Following a decision at the World Health Organisation 146th Executive Board WHO started a two-year process to “accelerate action to reduce the harmful use of alcohol” . This includes a consultation towards an action plan 2022-2030 for the global strategy to reduce the harmful use of alcohol; development of a technical report on the harmful use of alcohol related to cross-border alcohol marketing; a call for more resources to be made available; and a review of the Global strategy in 2030. And updated timeline for the process is available on the WHO website here.
Civil society has an important role to play in contributing to consultations and communicating with decision makers about what such an accelerated action will entail. GAPA and its global network will participate actively in the two-year process and beyond. For the overall process GAPA issued the “GAPA Principles for Advocacy 2020 – 2022” (pdf, 20 June 2020).
In November 2020, WHO issued a ‘Working document for development of an action plan to strengthen implementation of the Global Strategy to Reduce the Harmful Use of Alcohol’ and started an online consultation until 13 December (extended deadline). For this consultation GAPA and Vital Strategies have issued a joint statement underlining three key points to strengthen the draft Plan. GAPA has also issued some key advocacy points for the consultation.
Joint statement from GAPA and Vital Strategies regarding WHO consultation on the development of an action plan to strengthen implementation of the Global Strategy to Reduce the Harmful Use of Alcohol.
On 16 November WHO released a Working document for development of an action plan to strengthen implementation of the Global Strategy to Reduce the Harmful Use of Alcohol. The document is open for consultation until 6 December. Without a clear Action Plan, the Global Strategy will remain unrealized and the health and economic harms of alcohol consumption will remain high and continue to be an obstacle to achieving the Sustainable Development Goals. The following are three key points to strengthen the draft Plan, agreed by Global Alcohol Policy Alliance and Vital Strategies and offered for consideration for your own submissions.

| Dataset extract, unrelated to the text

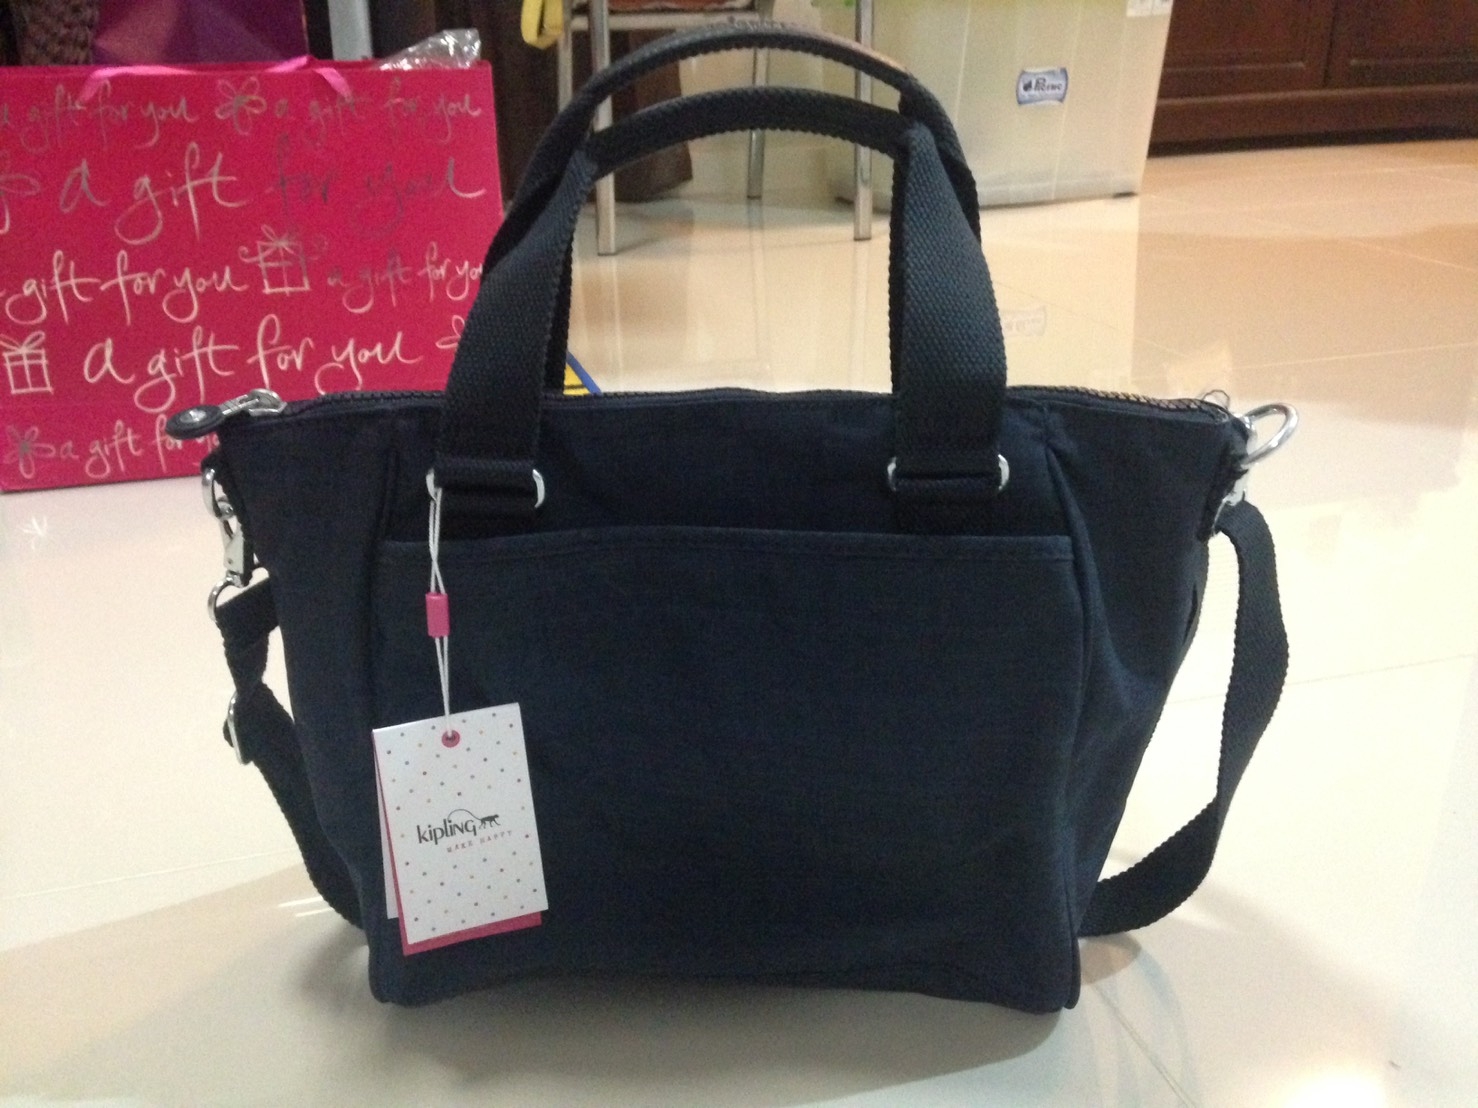 ราคา 3,200 บาท ยี่ห้อ Kipling Amiel BP สี Dazz True Blue Size Medium Handbag สภาพ มือ 1 ของเบลเยี่ยม (มีเเล้วใบนึง เเม่ซื้อมาให้ซ้ำ)

Role of economic operators:
In the current document the “economic operators” – i.e., alcohol industry entities (producers, distributors, retailers, etc) – are listed as stakeholders in equal standing alongside civil society and other UN organisations. This is inappropriate, given their inherent conflict of interest and long record of influence undermining effective alcohol policies, including in low- and middle-income countries (LMICs). The alcohol industry should, instead, be addressed in a separate section with due regard to conflict of interest toward safeguarding public health.
More regular reporting on implementation:
We are concerned about the lack of specific time intervals for review and reporting of the implementation of the Action Plan. Given the importance of intergovernmental collaboration to reduce alcohol harm, we recommend that the Director-General be requested to report to the World Health Assembly biennially on the progress of implementing the Global Action Plan. This should include any challenges faced by Member States and the nature and extent of collaboration between UN agencies.
Prior to the review of the SDGs and Action Plan in 2030, a progress report and recommendations for the way forward for reducing alcohol harm through alcohol policy should be submitted to the WHO governing bodies by 2028 at the latest to ensure there is no further delay to proportionately addressing any persistent barriers to progress identified through the course of the Action Plan.
Focus on best buys/SAFER
The numerous and sometimes overlapping recommendations in the draft document tend to obscure a focus on the most cost-effective policies to reduce alcohol-related harms. The Action Plan should be strongly framed around every country implementing the 5 most effective, science-based interventions, as articulated in the SAFER guidance: Strengthening restrictions on alcohol availability; Advancing and enforcing drink driving counter measures; Facilitating access to screening, brief interventions, and treatment; Enforcing bans or comprehensive restrictions on alcohol advertising sponsorship, and promotion; and raising prices on alcohol through excise taxes and pricing policies. The monitoring indicators should include specific metrics of SAFER implementation, and countries’ reporting of the implementation of SAFER policies should be facilitated, especially in LMICs, which currently lack adequate resources and are subject to interference from commercial interests.